We fully agree variable selection is an essential step in the process and should therefore be considered carefully. In this specific work we did not compare different feature selection methods, since the main goal was to explore feasibility of the approach at all. We chose a single feature selection method so that we could demonstrate that the workflow shown here is one that will lead to a useable model. When further applying and scaling this approach, comparing multiple feature selection methods should be part of the modeling procedure. We do realize that this was not clearly communicated this limitation in the manuscript and have extended the discussion on this topic.
- The minimum length for continuous data was set to 24 hours. This is reasonable for appropriate data quality. Only 11 of the 24 subjects have suitable data quality. Only a brief explanation of low data quality is given. This should be further explained and elaborated. Over 50% of the subjects could not be evaluated due to a lack of data. Thus, this seems to be a significant problem of this study, which needs to be discussed in detail.
We appreciate the feedback from the reviewer asking for a more detailed explanation of low data quality and have extended the discussion on this topic. Also, we have better explained our criteria for excluding participants from analysis. While the quality of the food logging was surprisingly high in our experience, probably due to the fact that participants had affinity with nutrition research and care, there were issues with the watch and the CGM device. Participants had to offload the watch data in an accompanying software that was intended for researchers. Since this was a free-living study design and offload was needed on a daily basis, we asked participants to do the offload themselves after a short training and with 24/7 helpdesk. Even with these anticipatory actions, data from seven participants had to be excluded due to limited watch data. As for the CGM device, participants were blinded to the data to prevent confounding effects of changing behavior. Unfortunately, missing data was only observed after the study. These points have now been discussed in more detail in the discussion.
5. Blood glucose data from multiple meals may overlap if insufficient time has passed between the two meals. Likewise, exercise and sleep can affect blood glucose data. Was care taken to ensure at least 2 hours between different meals?

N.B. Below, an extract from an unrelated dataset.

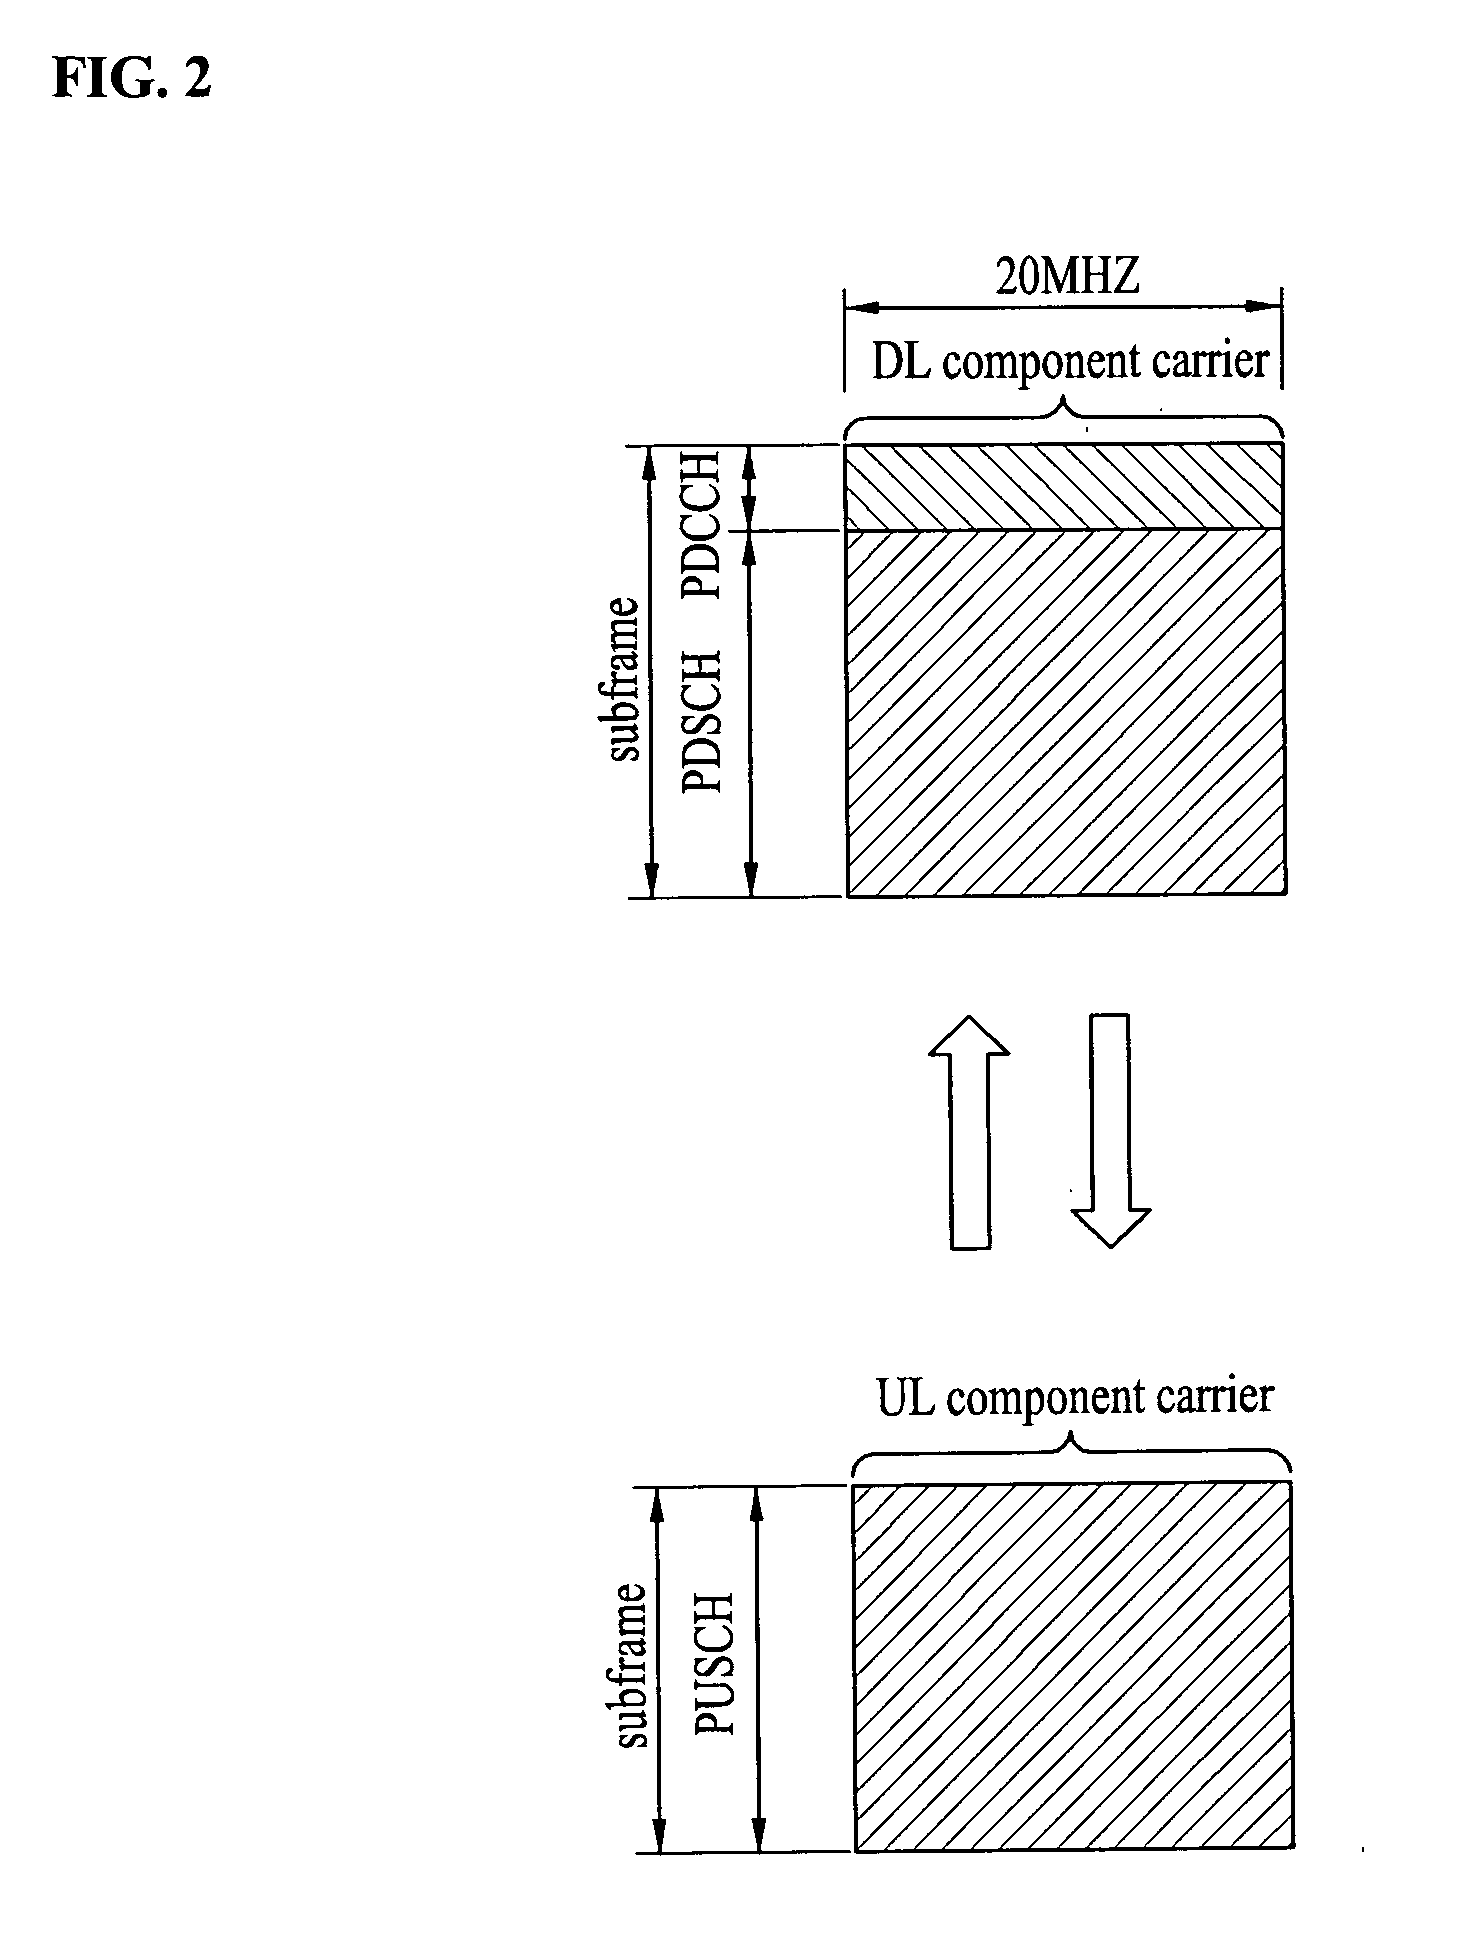 Method for wireless communication between user equipment and base station in wireless communication system supporting first user equipment that uses single frequency band and second user equipment that uses plurality of frequency bands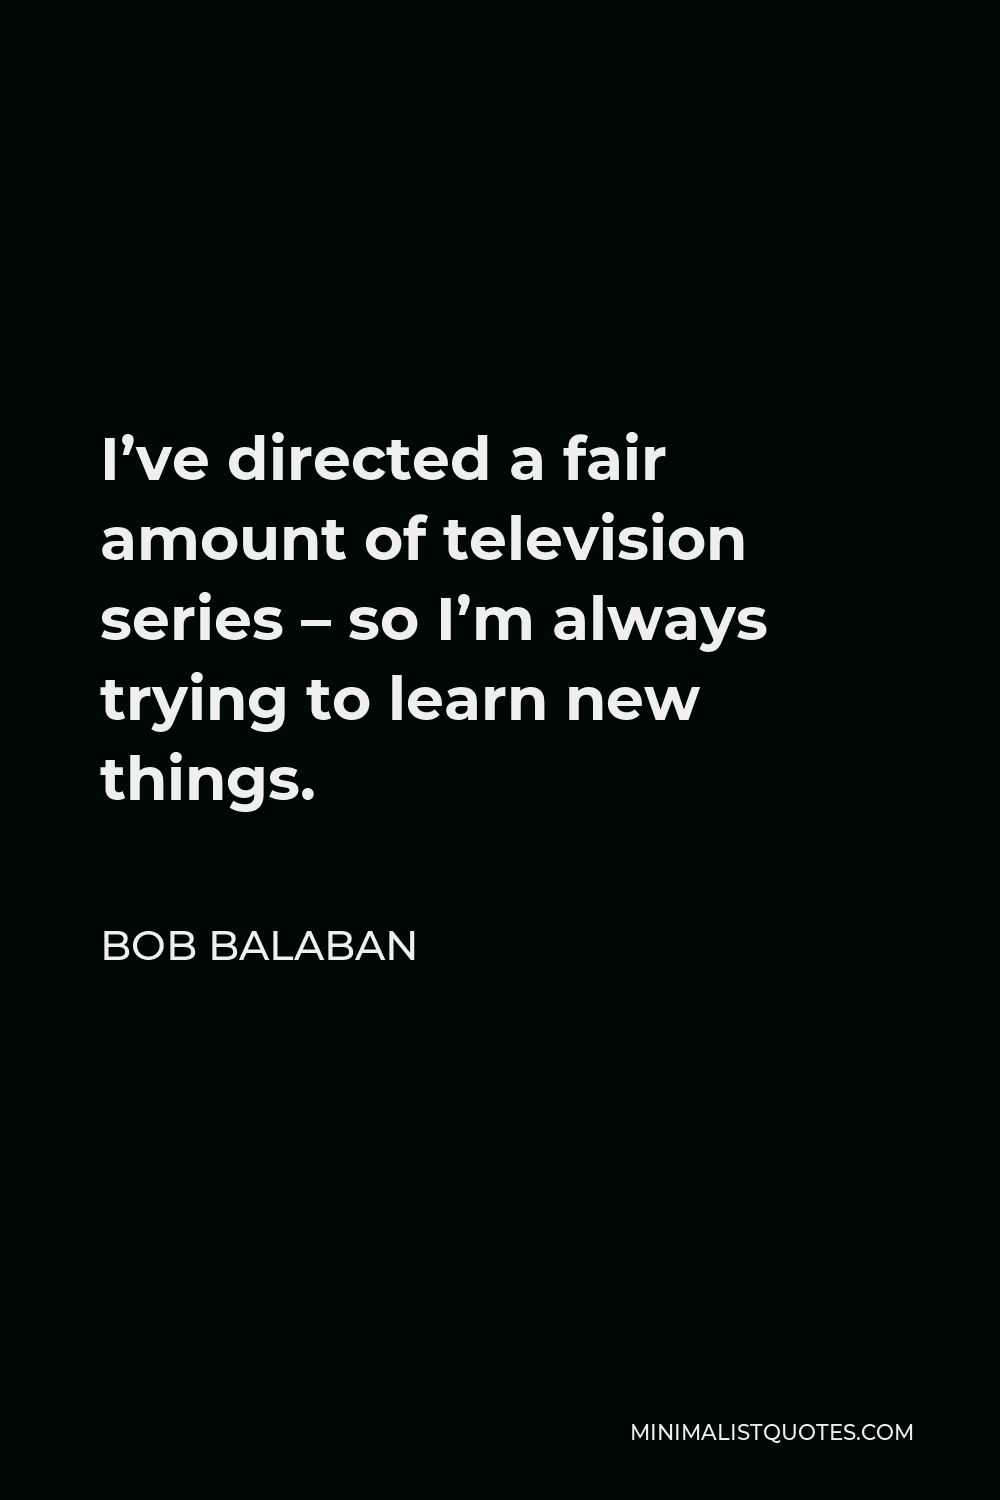 Bob Balaban Quote - I’ve directed a fair amount of television series – so I’m always trying to learn new things.

This study explicitly intended real-world conditions. Standardization was limited to a minimum, to as close to everyday life as possible. Therefore, no care was taken to ensure at least 2 hours between different meals. Moreover, while 2 hours difference may prevent short-term interactions, there are multiple longer-term interactions, such as type of food and exercise last 24 hours, sleep quality, etc. Therefore, we have engineered the features covering different rolling periods preceding glucose data, i.e., 30, 60, and 90 minutes as well as 2, 3, 8, and 24 hours, allowing modeling of the interactions between overlapping predictors of glucose data.
Round 2
Reviewer 2 Report
The manuscript has improved substantially. Publish it as it is.